Furthermore, previous research argued that interaction of mental health outcomes and socio-demographic characteristics as gender, age and socio-economic status showed a large cross-national variability (e.g., [36]), which may explain why the changes in associations over time were less emphasized in Czechia. These results do not follow previous findings which indicated that the decline in mental well-being is slightly stronger for older adolescents compared to younger ones [5, 11]. In Norway, an increasing trend in health complaints among adolescents from 1994 to 2014 was found, especially among older adolescent girls [11]. In Sweden the increase over time in psychological complaints (1985 to 2005) was seen in older adolescents (boys and girls), whereas no significant change was seen in the youngest groups (11-year olds) [14]. Given these mixed results, there is a need for a more comprehensive study which includes more countries over a relatively longer time frame and employs a uniform set of mental health and well-being outcomes for boys, girls, adolescents of different age groups, and socio-economic backgrounds.

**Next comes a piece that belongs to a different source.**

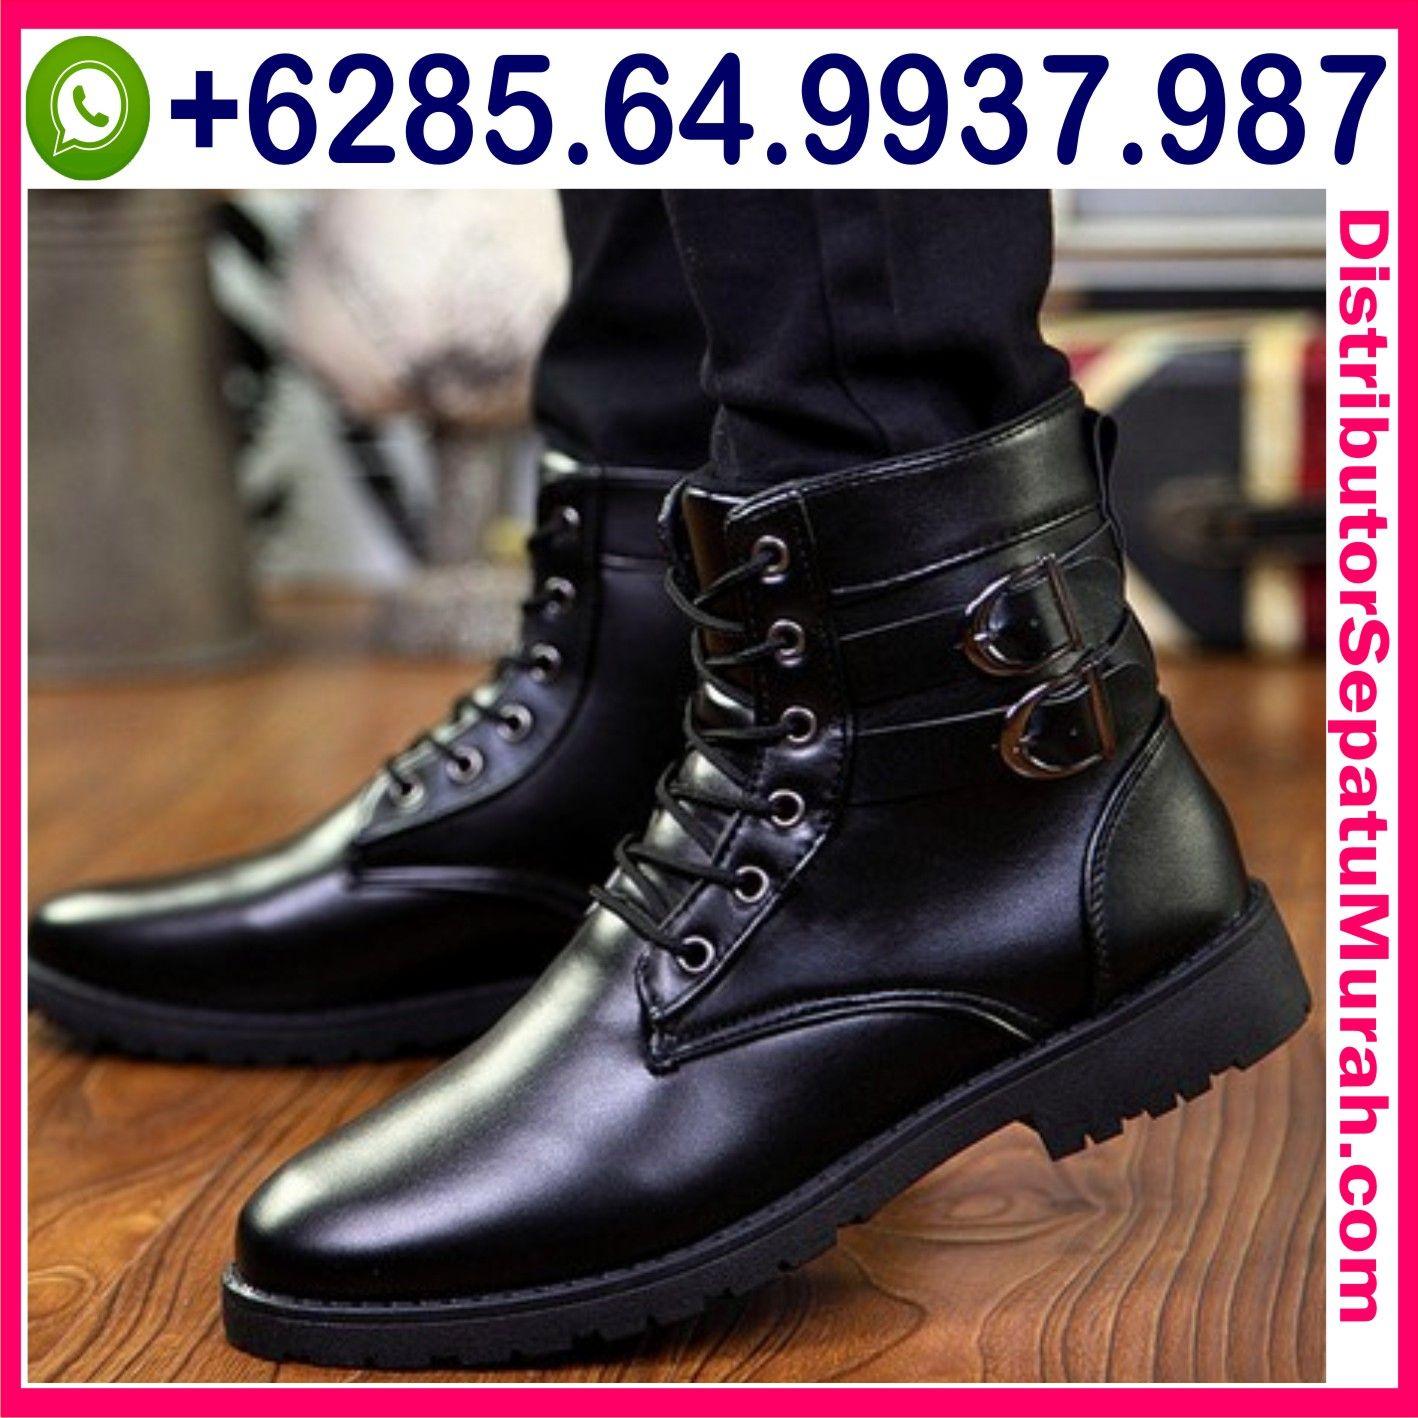 Sepatu Pria Sepatu Pria Sepatu Pria

Interestingly, the gap between Czech adolescents coming from different family affluence families remained relatively stable in the investigated time frame. This is in line previous studies that showed that the inequalities in adolescent health complaints in Czechia has been stable from 1994 to 2010 [39], and confirms that this trend has remained stable. This could be partly explained by the demographic characteristics of the Czech population. According to the Gini index [56], Czechia is one of the countries with the lowest income inequality worldwide. In addition, its population is also very homogeneous as regards nationalities of its inhabitants, because only 5% of them are of non-Czech origin and this has been quite consistent over time [57].
A key strength of the present study is investigating nationally representative samples of adolescents using identical study protocols across a 16-year period. Nonetheless, this inherently fosters the limitation that data collected across time is cross-sectional and self-reported. Secondly, the measures used were restricted to those available in the HBSC study since 2002, therefore providing a relatively limited perspective on adolescent mental health. Further research should include a broader range of mental health outcome measures and other potential drivers of mental health trends, such as changes in the school or family environment, or social media use, which are required to better understand this complex issue. Nonetheless, the present study provides essential and up-to-date information about changing mental health trends in early adolescence from the Central European region.